The following letter from the Rev. J. Finch, a rural dean, appeared in the _Standard_, August 30th:-"The following facts may not be without some interest to those who have read the letters which have recently appeared in the pages of the _Standard_ respecting Gipsies. During the thirty years I have been rector of this parish, members of the Boswell family have been almost constantly resident here. I buried the head of the family in 1874, who died at the age of 87. He was a regular attendant at the parish church, and failed not to bow his head reverently when he entered within the House of G.o.d. His burial was attended by several sons resident, as Gipsies, in the Midland counties, and a headstone marks the grave where his body rests. I never saw, or heard, any harm of the man.
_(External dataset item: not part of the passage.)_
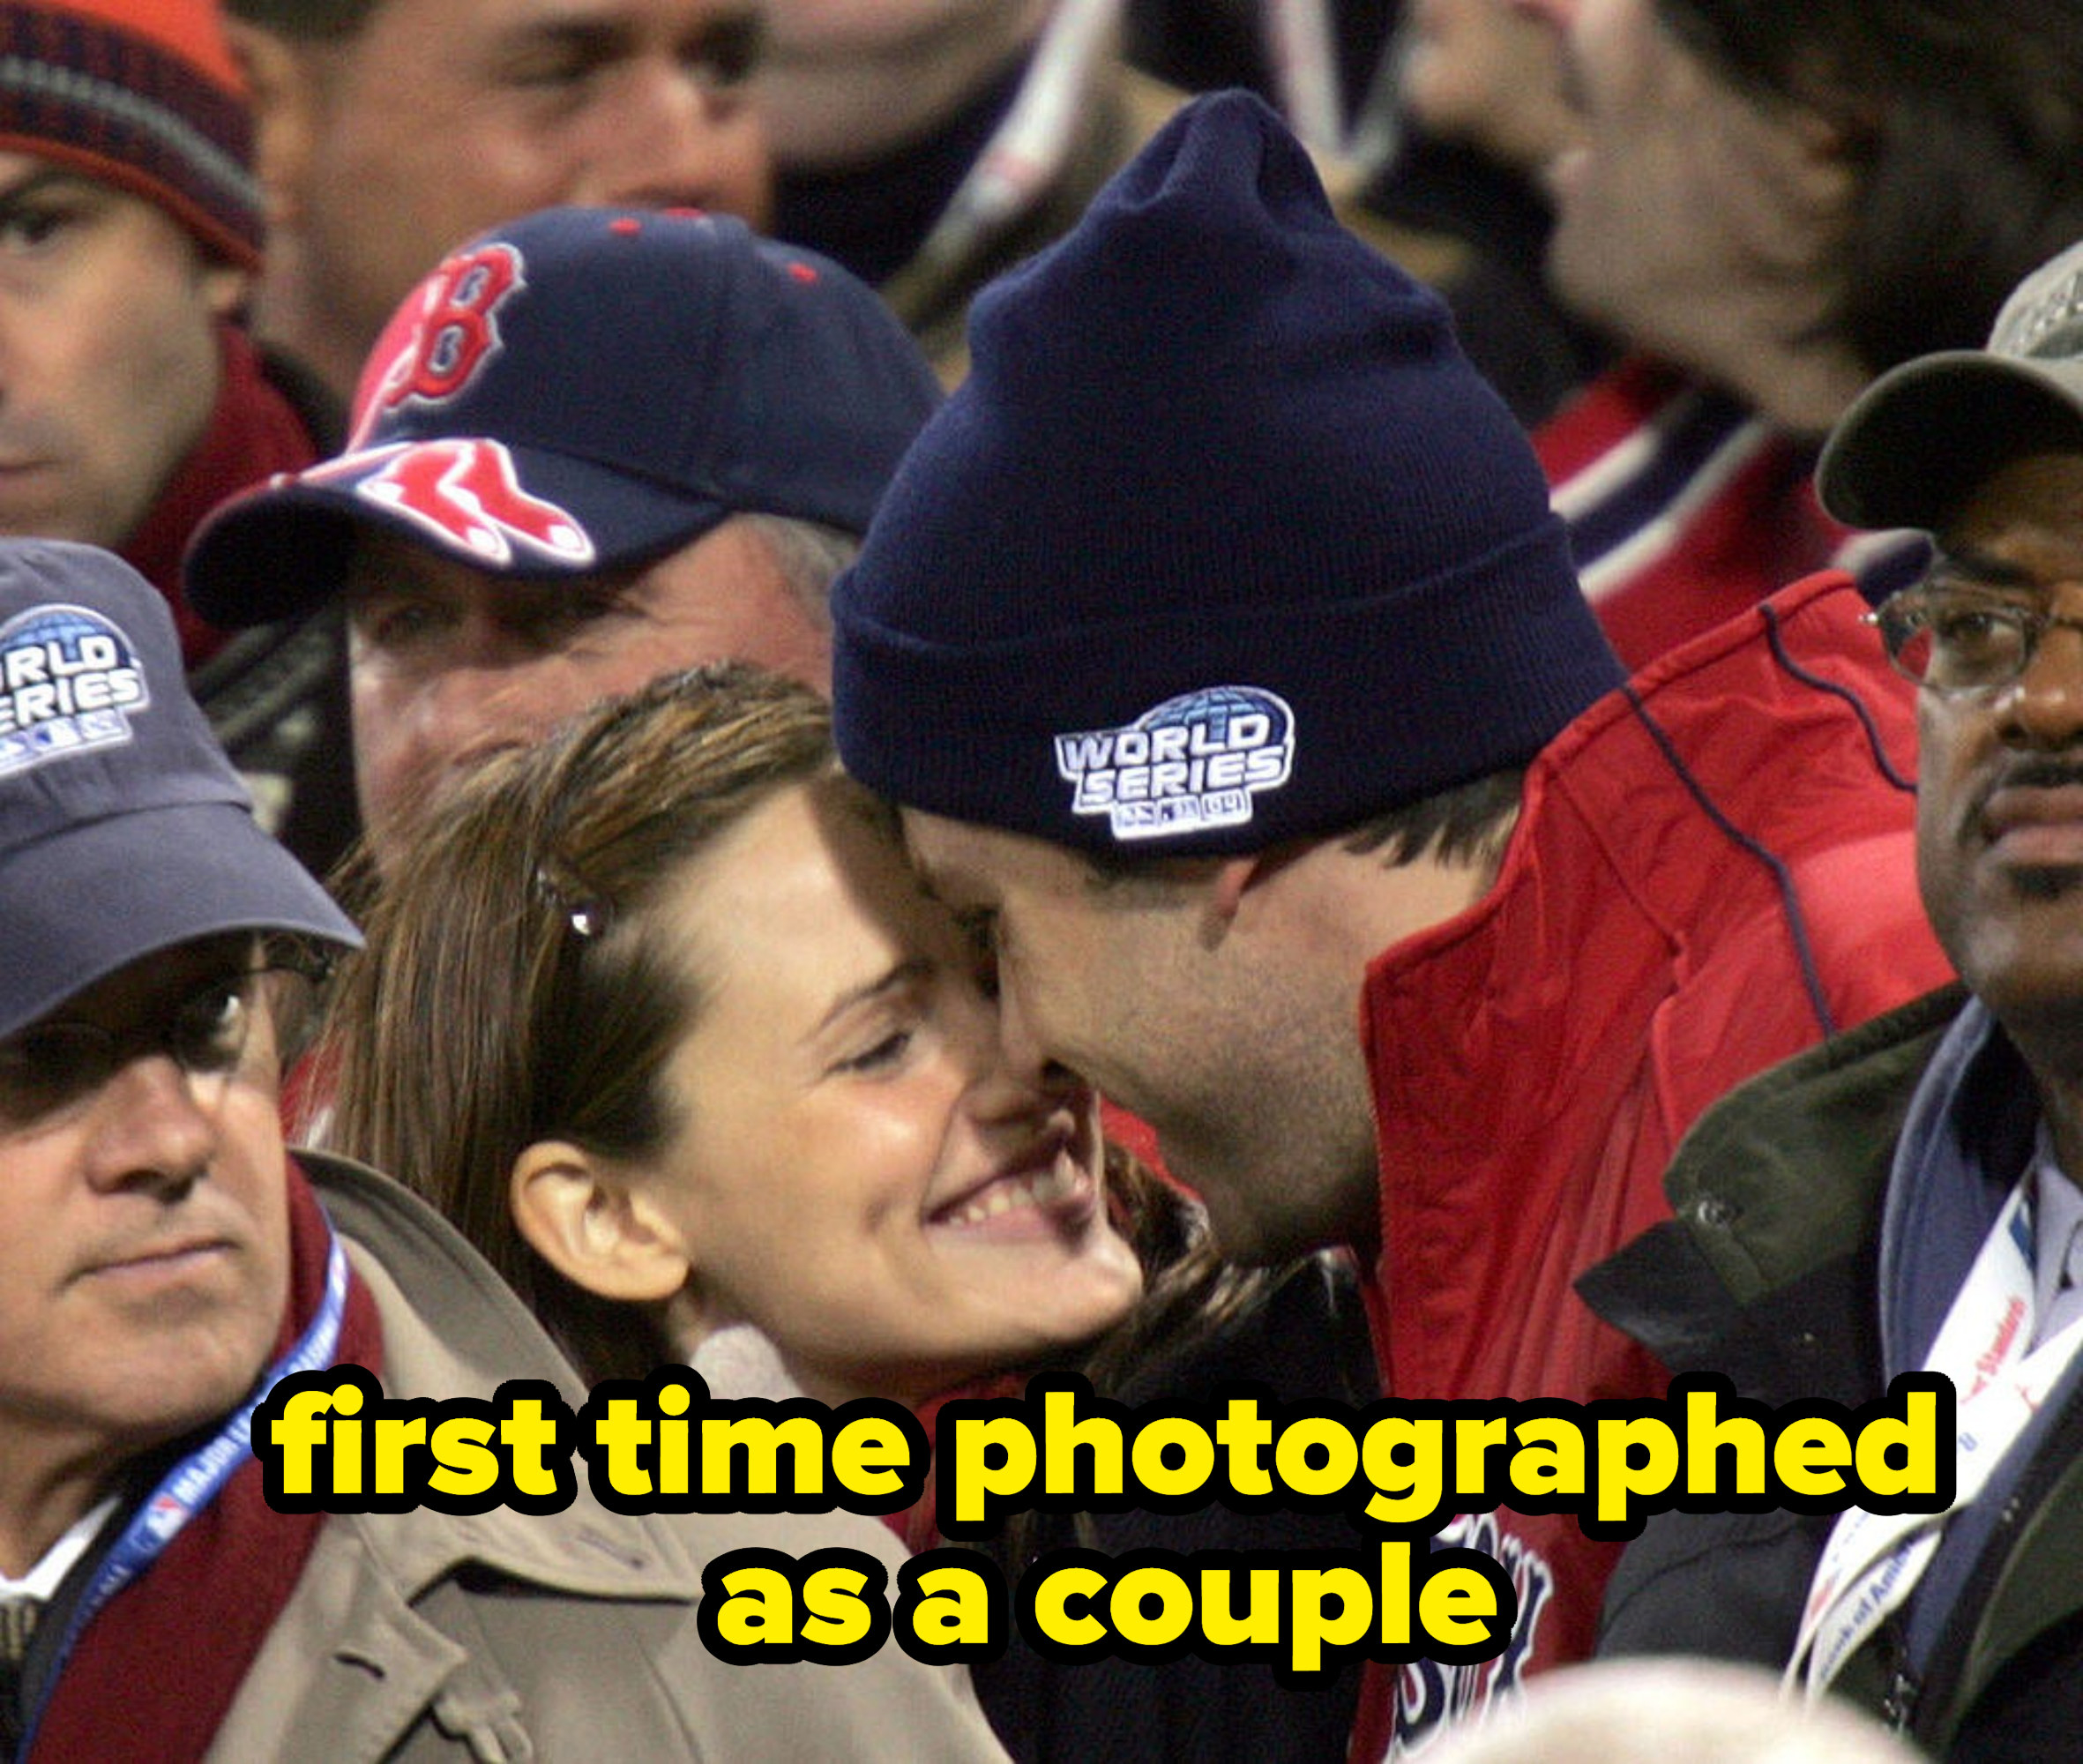 Jennifer and Ben at a game labeled &quot;first time photographed as a couple&quot;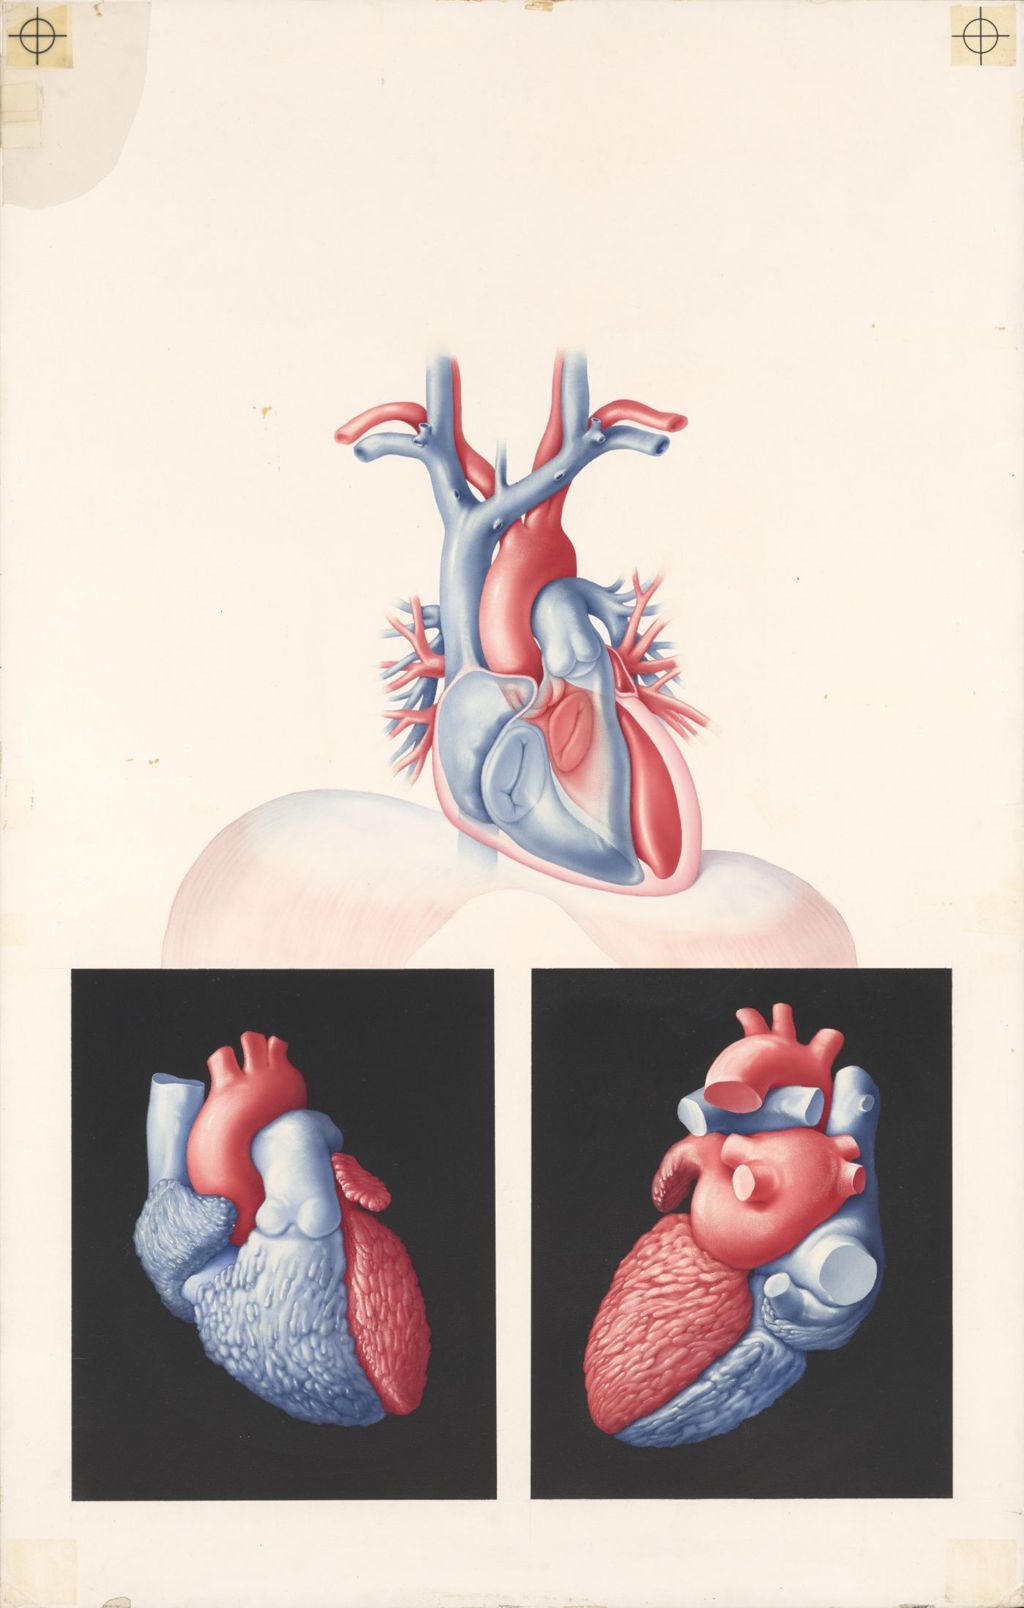 Miniature of Medical Profiles, Cardiac auscultation, Plate I, The relationship of the heart and its chambers, Plate 198

He was a quiet and inoffensive man, and worked industriously as a tinman within a short time of his death. If he had rather a sharp eye for a little gift, that is a trait of character by no means confined to Gipsies. One of his daughters was married here to a member of the Boswell tribe, and another, who rejoiced in the name of Britannia, I buried in her father's grave two years ago. After his death she and her mother removed to an adjoining parish, where she was confirmed by Bishop Selwyn in 1876. Regular as was the old man at church, I never could persuade his wife to come. In 1859 I baptized, privately, an infant of the same tribe, whose parents were travelling through the parish, and whose mother was named Elvira. Great was the admiration of my domestics at the sight of the beautiful lace which ornamented the robe in which the child was brought to my house. Clearly there are Gipsies, and those of a well-known tribe, glad to receive the ministrations of the Church."